The space you have is beautiful. I would love to be able to get a hold of an old warehouse or something to operate out of, but for now I'd be happy w/ a house w/ a nice size yard. 

I wish you folks luck in building up your squat.


----------



## Genjix (Apr 21, 2014)

hey dudes, looking for the us scene. give me some pokes. cya


----------



## DesertRat (Apr 21, 2014)

Rockin pics and video! 

For squats/hackerspace, 2600 is your friend.

Where are you currently?


----------



## Genjix (Apr 25, 2014)

I'm in Austin Texas. After 2-3 weeks I'm heading to California for a while.
How can I reach out to squat community through 2600? Isn't that a hacker quarterly? Thanks


----------



## DesertRat (Apr 25, 2014)

Attend meets, participate. Learn where the hackerspaces are. They should lead to at least an open couch, if not to a squat. 

Meetings are held the first Friday of each month, usually around 5:30. 

Locations can be found in the back of the quarterly, or on the site. 

Where in California?

EDIT TO ADD: This is not a sure thing, mind you. 

This came to mind due to your computer/coding skillset and your experience with hackerspaces. 

Focus on those, and you *should* fit right in. 

Good luck, and please report on any success or failure.


----------



## Matt Derrick (Apr 30, 2014)

i just sent you an email, but @eske karl knows where the hackerspace in oakland is if you're interested in that.

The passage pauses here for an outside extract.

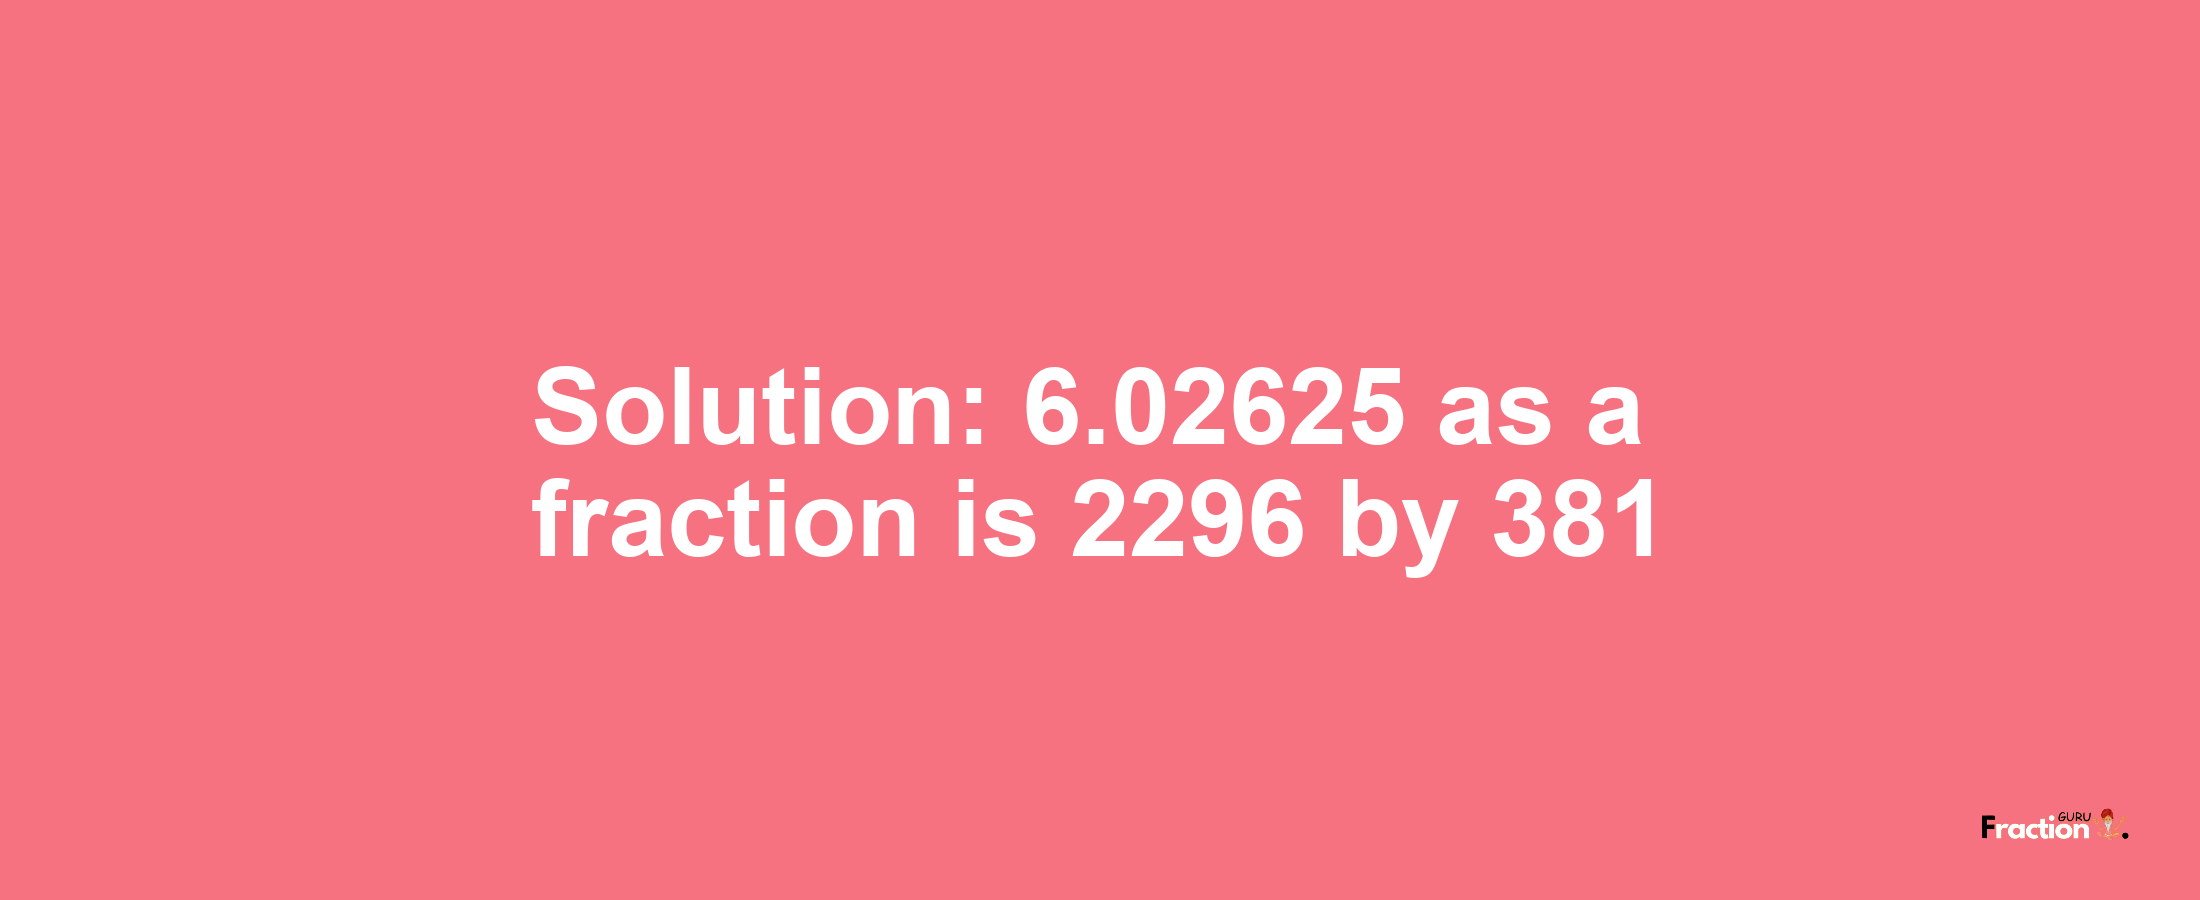 Solution:6.02625 as a fraction is 2296/381
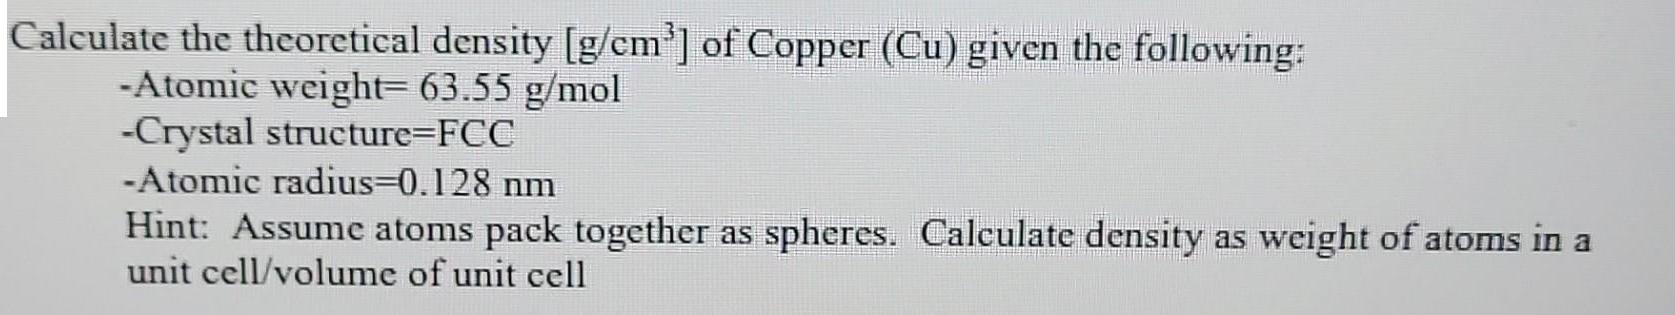 Calculate the theoretical density [g/cm] of Copper (Cu) given the following: -Atomic weight= 63.55 g/mol

what magazine is in the picture? is that a bitcoin magazine? anyways, hit me back via email and i'll see who i can get you hooked up with.


----------



## Genjix (May 2, 2014)

Thanks Matt.
note, I have plenty of couches, I'm not looking for places to sleep. I'm seeking political radicals and street people. Too many hackerspace types are yuppies messing with their tech toys.... that isn't me.


----------